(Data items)
━━━━━━

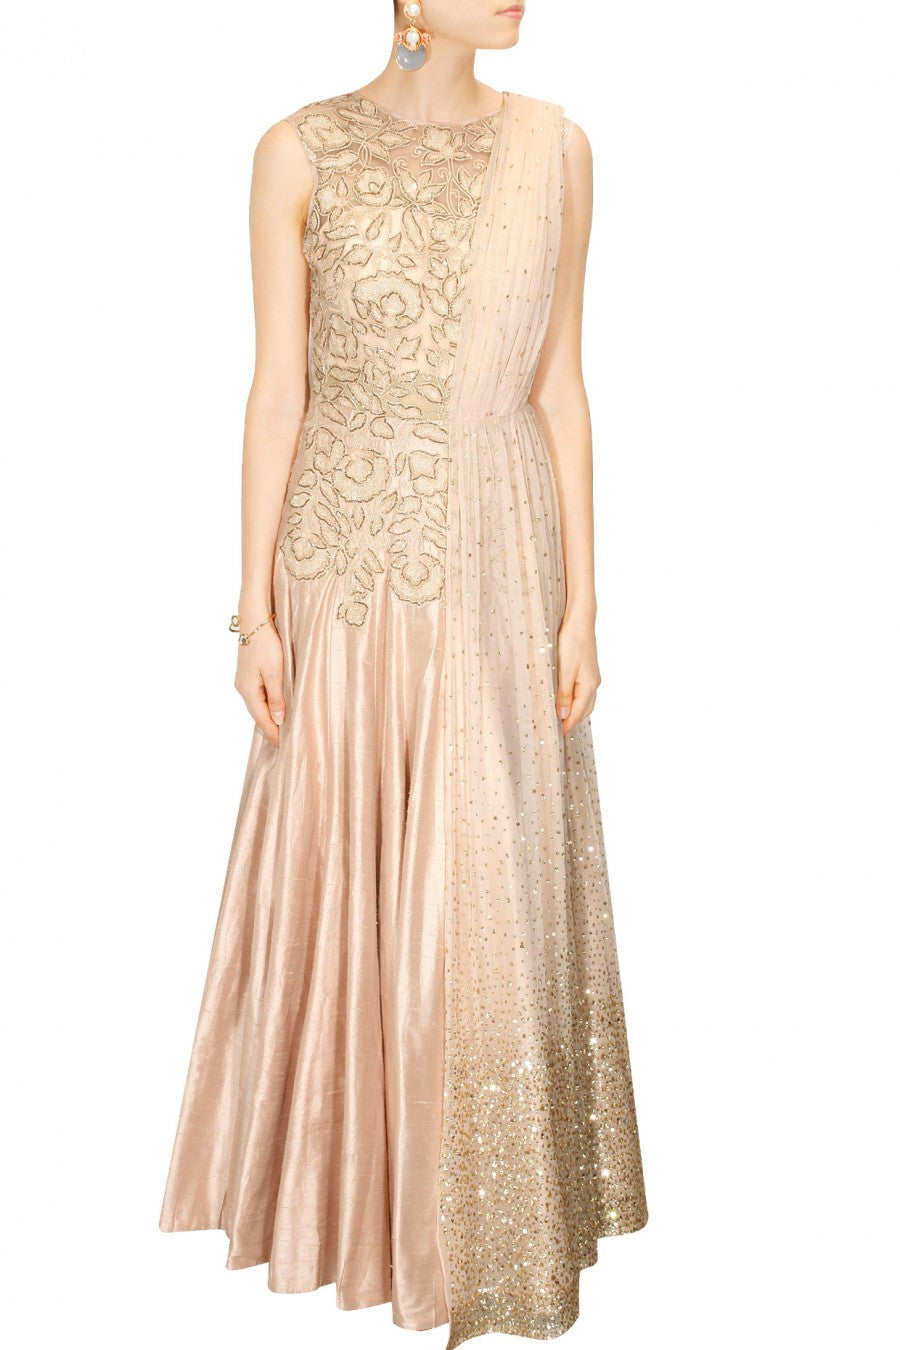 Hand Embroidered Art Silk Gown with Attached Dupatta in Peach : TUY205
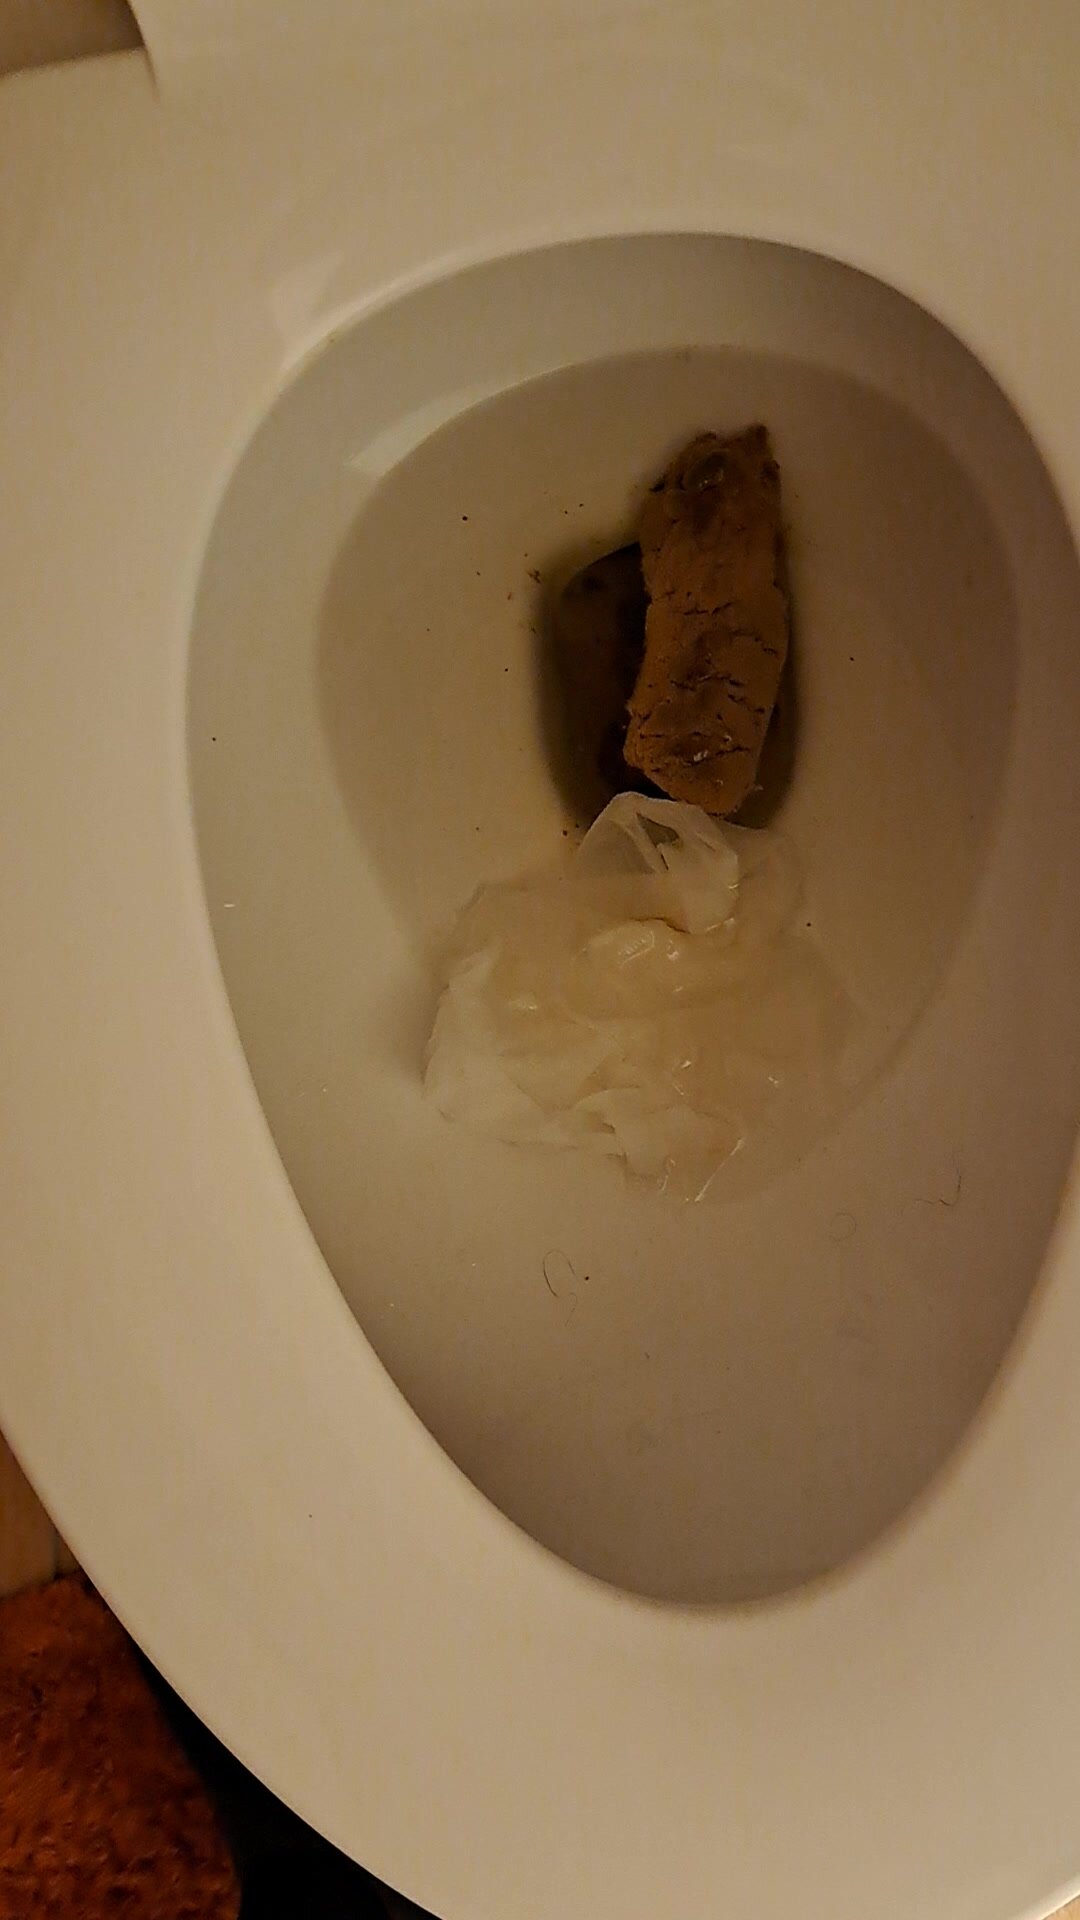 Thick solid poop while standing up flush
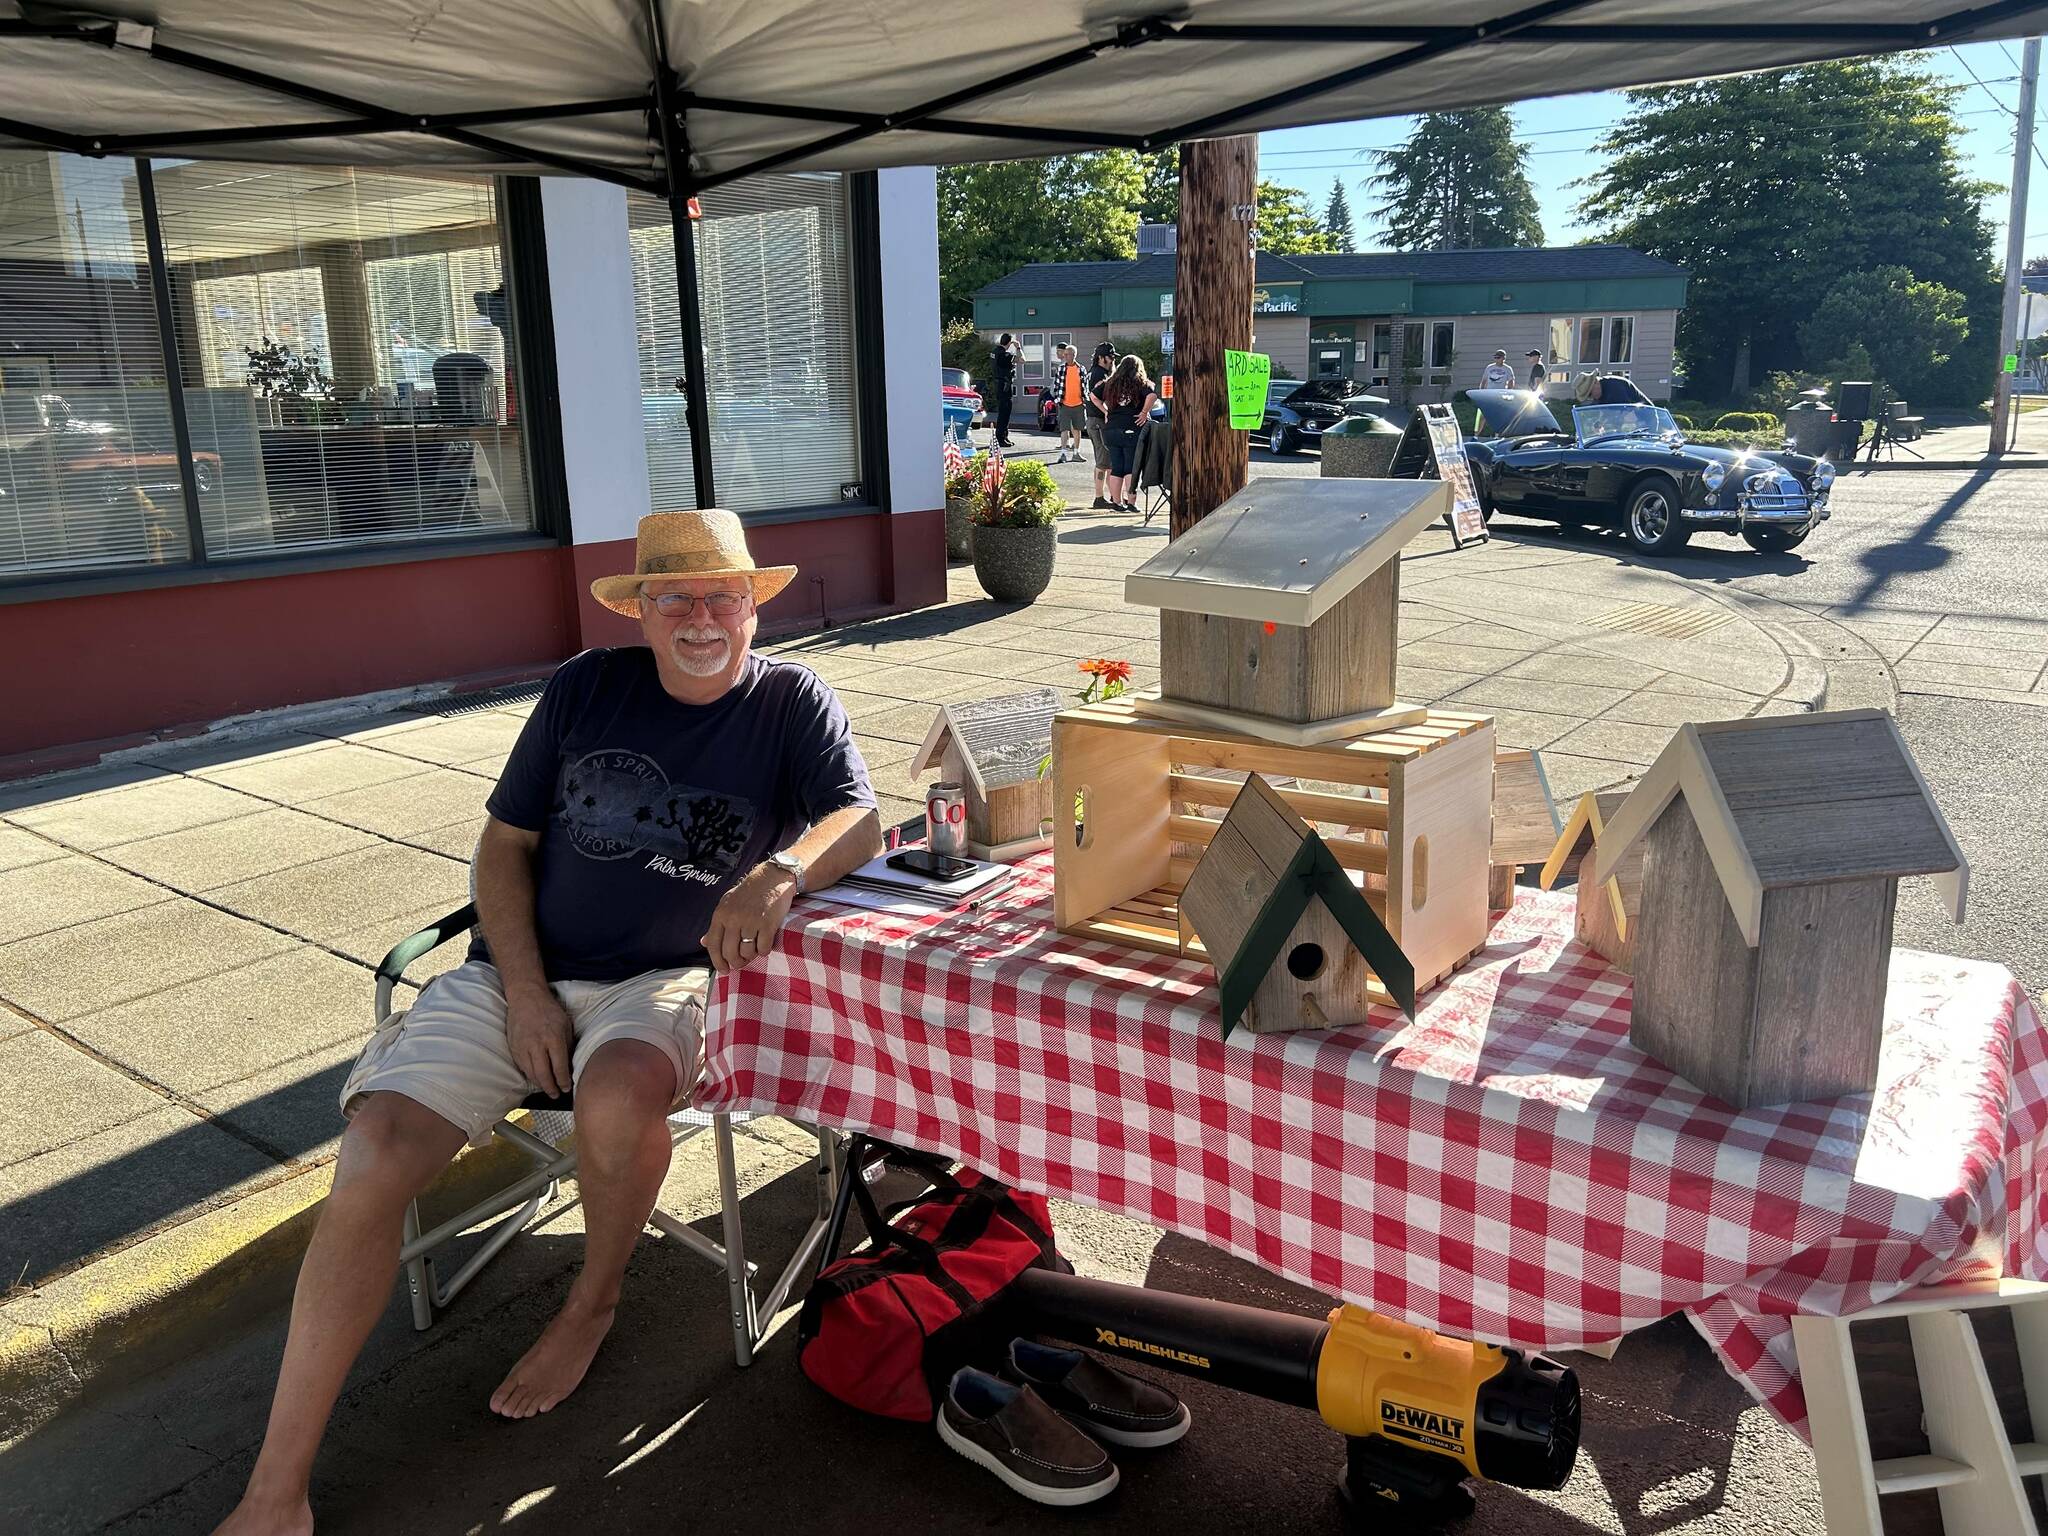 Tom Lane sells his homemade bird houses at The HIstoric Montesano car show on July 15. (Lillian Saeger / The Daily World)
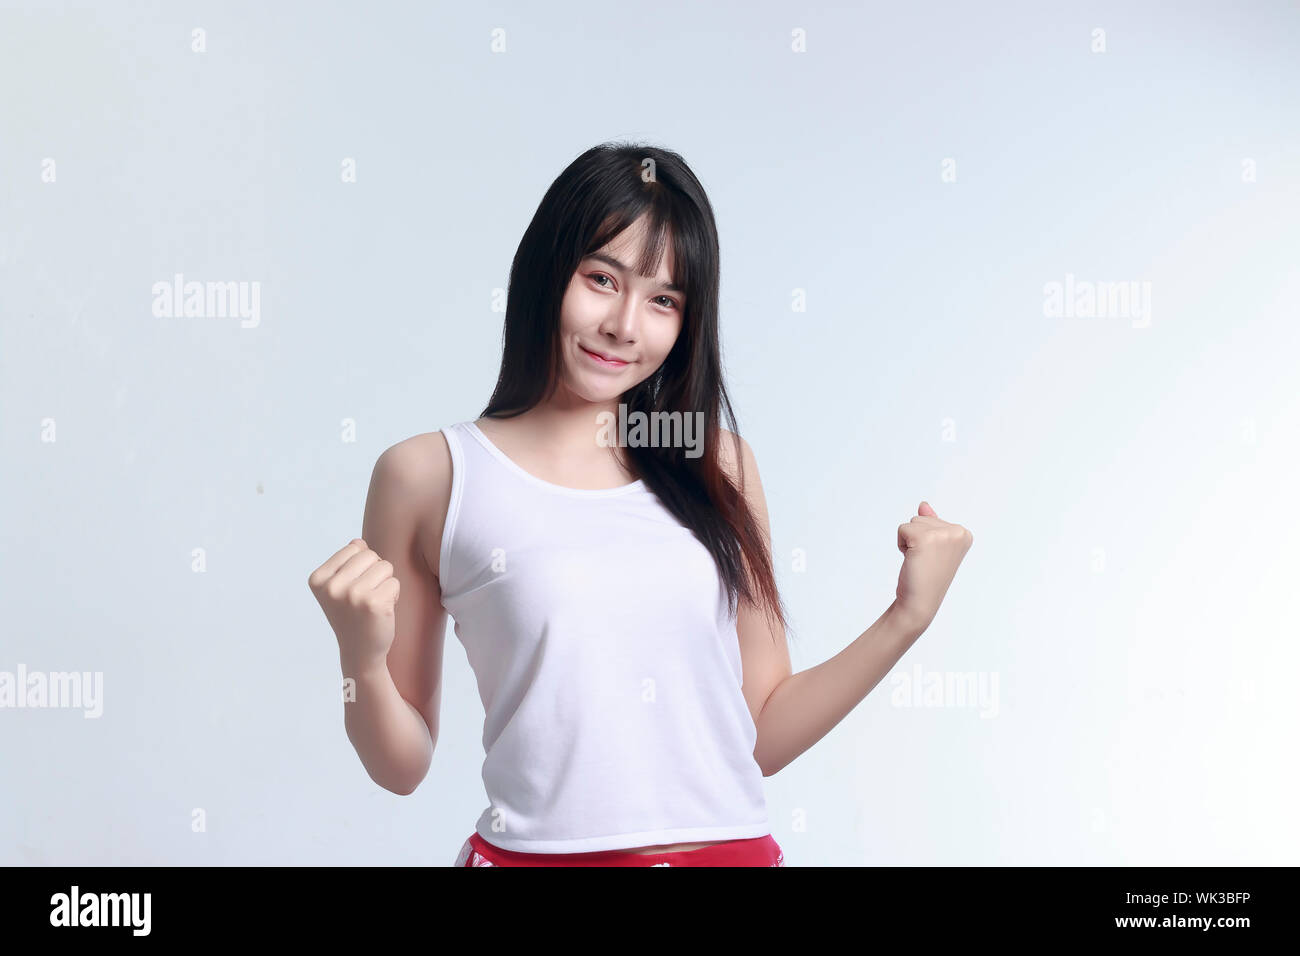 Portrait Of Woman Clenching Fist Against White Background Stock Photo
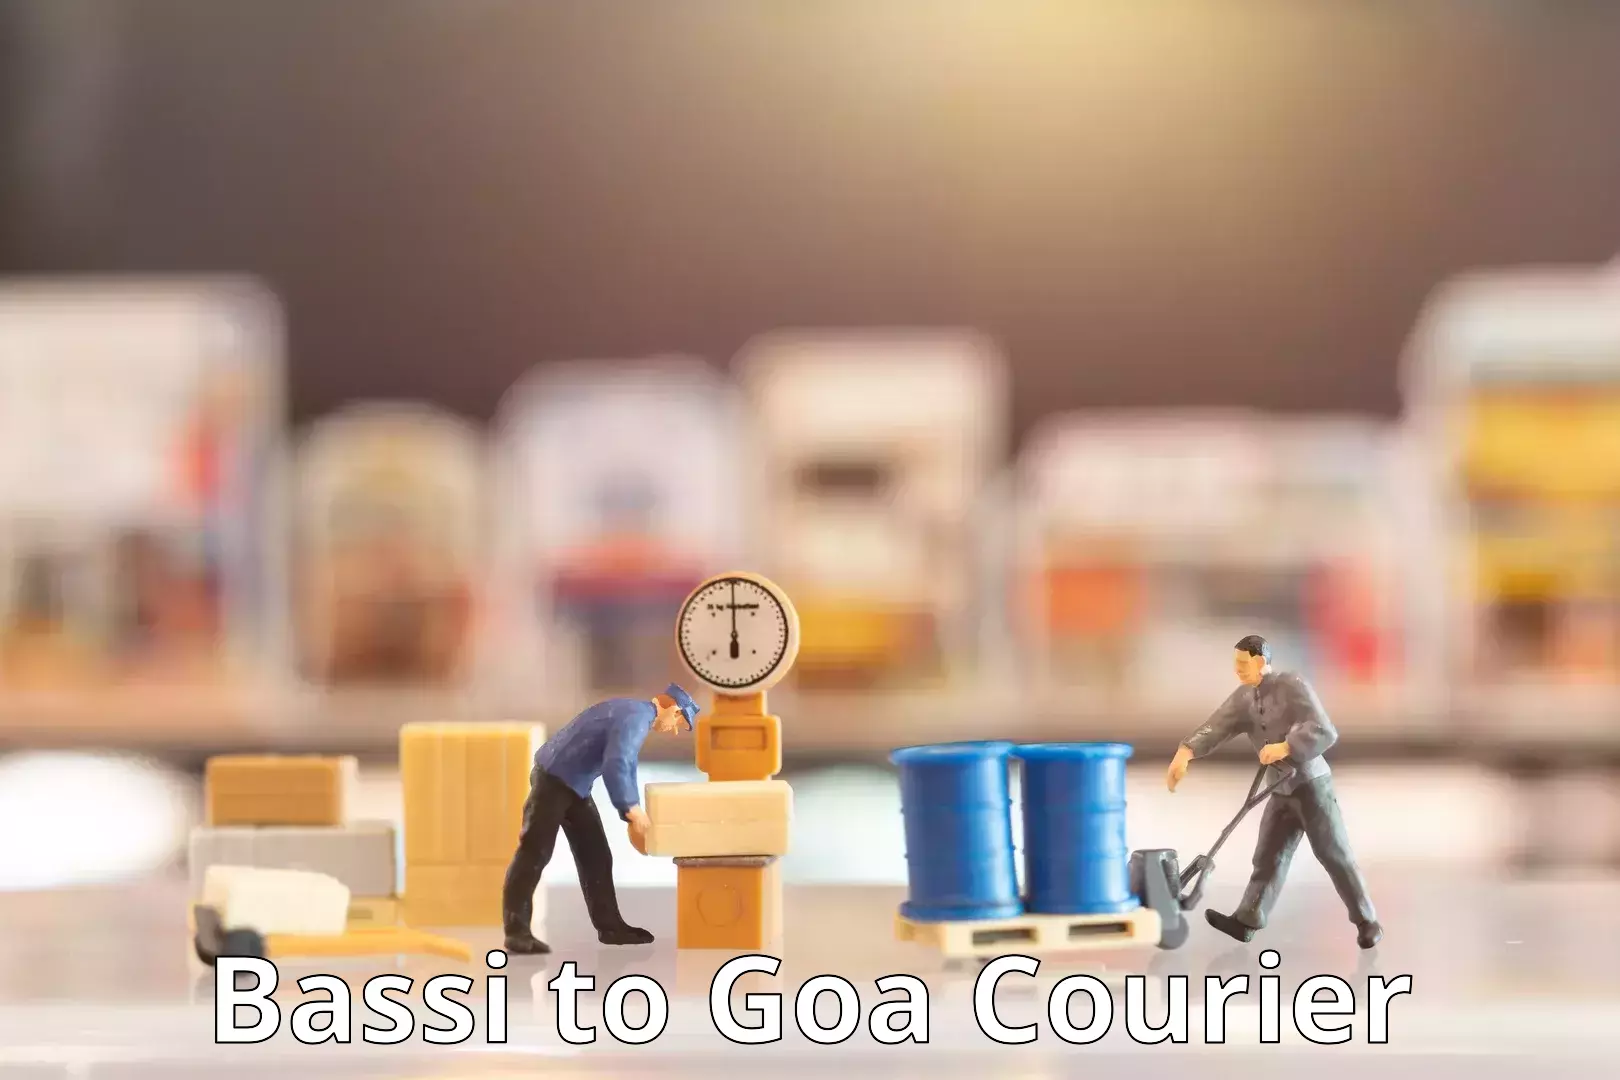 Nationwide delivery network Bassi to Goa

━━━━━━

## Task
Set down only the lines from the one with "Portrait Of Woman" through the end of the entries, exactly as they appear, leaving out each picture.

## Output of the task
 Portrait Of Woman Clenching Fist Against White Background Stock Photo
 Nationwide delivery network Bassi to Goa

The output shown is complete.